# House of Gloom

Category: Transformations, Relations & Functions, 3D Objects & 2D Shapes, Patterns, Measurements, and Variables & Equations
Suitable for Grade Level: Secondary and Elementary

The Math in this Problem:

This math puzzle explores lines and angles, while working with different two-dimensional shapes and patterns. Students will incorporate their understanding of lines and angles with the practical application of experimenting with the effectiveness of lights in various surroundings.

In the valley in the heart of the dark wood lives a gloomy elf. His doorless home is painted totally black so dark that no light that touches a wall bounces back. However the gloomy elf lights part of his home with a firefly.

One day the gloomy elf awakes and decides that life is too short to always be gloomy. He decides to build another house. The new house will have only 12 black walls, but this time he wants to light it all! Find a design where the elf will need 4 fireflies.

Example

The elf first thought he could make a giant G out of 12 walls.

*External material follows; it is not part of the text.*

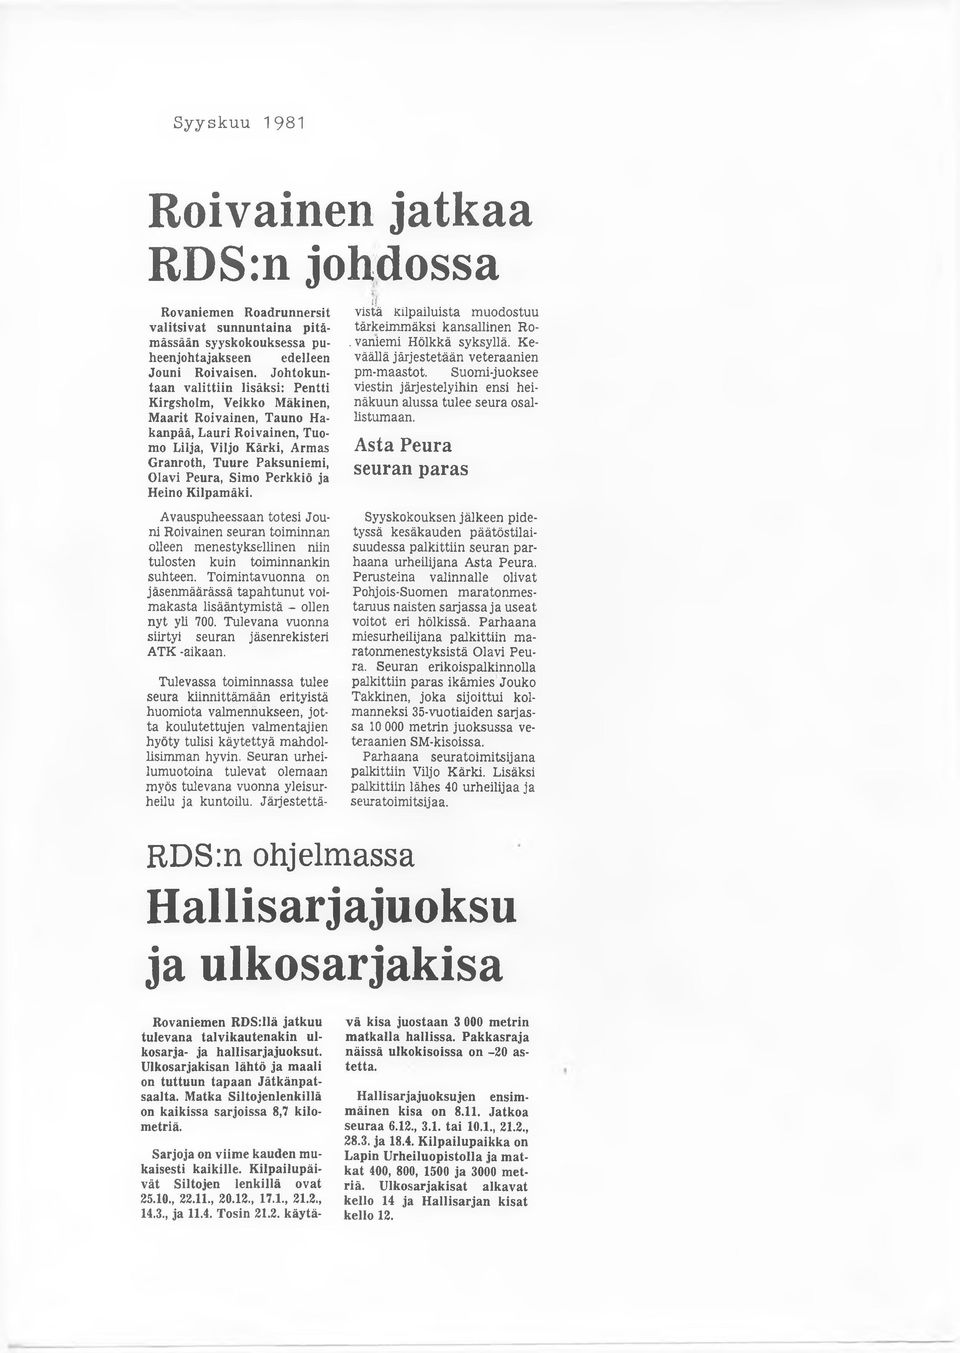 Perkkiö ja Heino Kilpamäki. Avauspuheessaan totesi Jouni Roivainen seuran toiminnan olleen menestyksellinen niin tulosten kuin toiminnankin suhteen.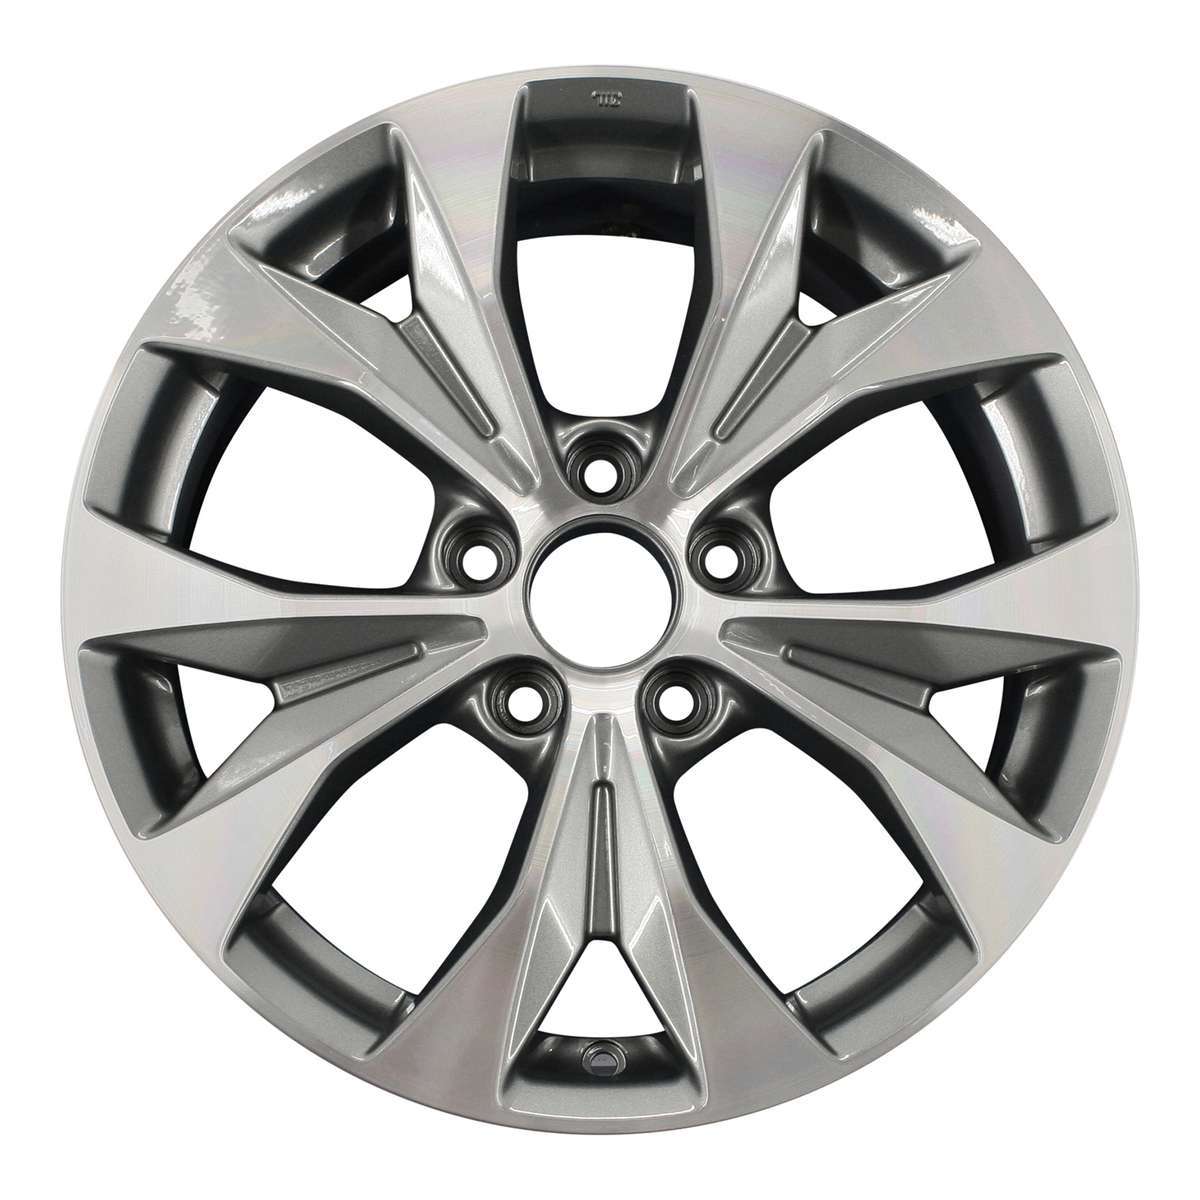 2012 Honda Civic 17" OEM Wheel Rim W64025MC

He thought it would take 4 fireflys as he shows on the left, but the design actually only needs three fireflys so the G is not a solution.

Hint #1

One way to proceed when you get stuck with a problem, is to look at simpler problems that are related.

Convince yourself that at most one firefly is required to totally illuminate houses with 3, 4, and 5 walls:

• Find an example for a 6 walled house that requires 2 fireflies.
• Next try to find a 9 walled house that requires 3 fireflies.
• Now go back and try to find a 12 walled house that requires 4 fireflies.
• You might even find a pattern for a 3N walled house requiring N fireflies.

#### Extensions:

• Find a floor pattern with W walls where W/3 (rounded down) fireflies are required.
• If all 12 wall segments must be the same length, is it still true that 4 fireflies may be needed to light the house?
Hint #2

• Prove that the formerly gloomy elf needs no more than W/3 (rounded down) fireflies if he builds W walls (difficult).
• Find a design using 7 walls where 3 fireflies can hide without seeing each other. Find a design using less walls and more fireflies for which this is true.
• At the top of a mountain overlooking the valley of the once gloomy elf, lives his cousin in a house of mirrors. Is it possible that a single firefly can light the whole house no matter how many walls it has?

Warning: This extension is an unsolved problem in mathematics.